The stainless steel ref. 25721ST would remain in production for roughly a decade, though the Royal Oak collection would expand significantly: In 1995, it received its first all-gold and two-tone models, while in 1996, six new designs entered the fold, including the first Offshore with a leather strap. (Ladies models measuring 30mm in diameter were also introduced in that same year, despite the model family’s initial hyper-masculine design remit.) Three other references were all available in a new medium size of 38mm, expanding significantly the Offshore’s potential customer base.

The collection now featured chronograph- and complete calendar-equipped references, while coloured versions were introduced in 1997 to coincide with the 25th anniversary of the Royal Oak, including apple green, red, orange, canary yellow, garden, sky blue, and brown dials. Annual sales reached 1,000 pieces for the first time that same year, while 1998 saw the introduction of the first titanium model.

Arnold Schwarzenegger at the Premiere of ‘End Of Days’ in 1999 in Sydney, Australia. Photo by Peter Carrette for Getty Images

Beginning with 1999’s limited-edition Offshore for Arnold Schwarzenegger’s End of Days film, AP began producing special versions of its beefy luxury sports watch to coincide with partnerships in the worlds of hip-hop, basketball, and more. In fact, the maison created over 20 Royal Oak models in the 1990s; between 2000 and 2010, the number ballooned to 135. By 2010, the Offshore had turned a corner—14,011 watches had been sold that year, compared with 1,339 in 2000. (AP sold 8,019 non-Offshore Royal Oaks in 2010, by way of comparison.)

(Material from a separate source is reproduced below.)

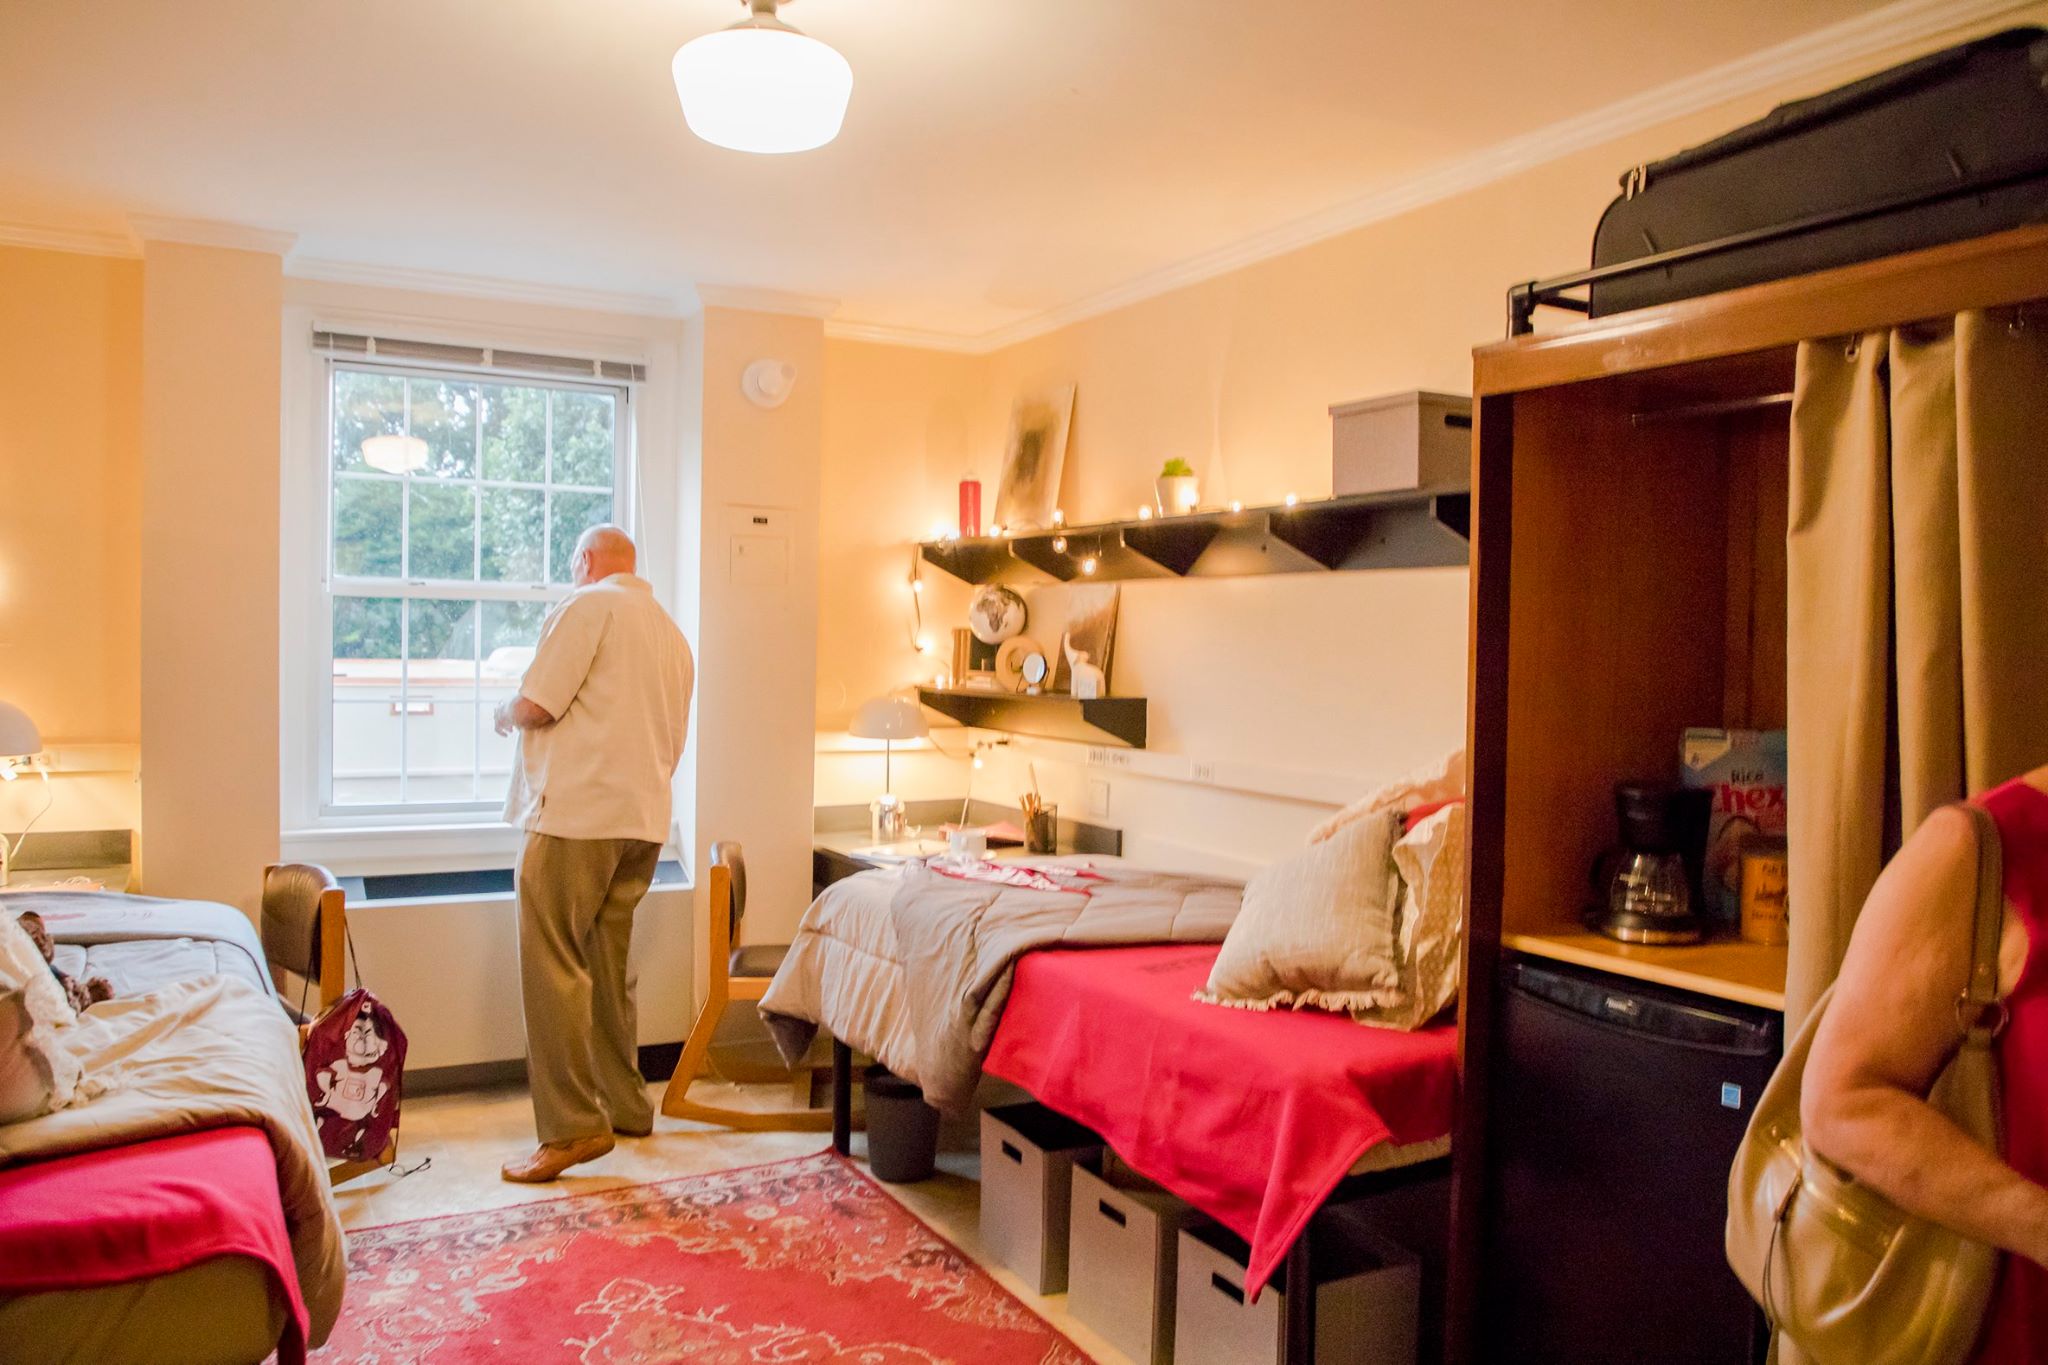 Binford rooms feature comfortable beds and loads of storage space.

These days, there’s simply no stopping the Offshore. For its 30th birthday in 2023, AP introduced the Royal Oak Offshore Selfwinding Chronograph, the first such Offshore in black ceramic to feature a matching bracelet. A short time later came the Royal Oak Offshore Selfwinding Flying Tourbillon Chronograph, a 43mm behemoth with a hand-finished ceramic case and an anodised green inner bezel. Collectors can’t seem to get enough, which is borne out by the fact that Audemars Piguet’s revenues crested $2.17 billion in 2022, exceeding those of Patek Philippe. Not bad for a company that only produced 307 chronographs in total between the 1930s and the 1950s!

To help you get a handle on the Royal Oak Offshore, we’ve chosen to highlight several of the most notable references throughout the collection’s 30-year history. And while three decades certainly constitutes a lengthy run, there’s little doubt that this powerful model is just getting its sea legs. Indeed, now that Audemars Piguet has become one of the most notable marques in the watch space—and perhaps, it’s fair to say, in the luxury space at large—the sky truly seems like the limit for the Offshore.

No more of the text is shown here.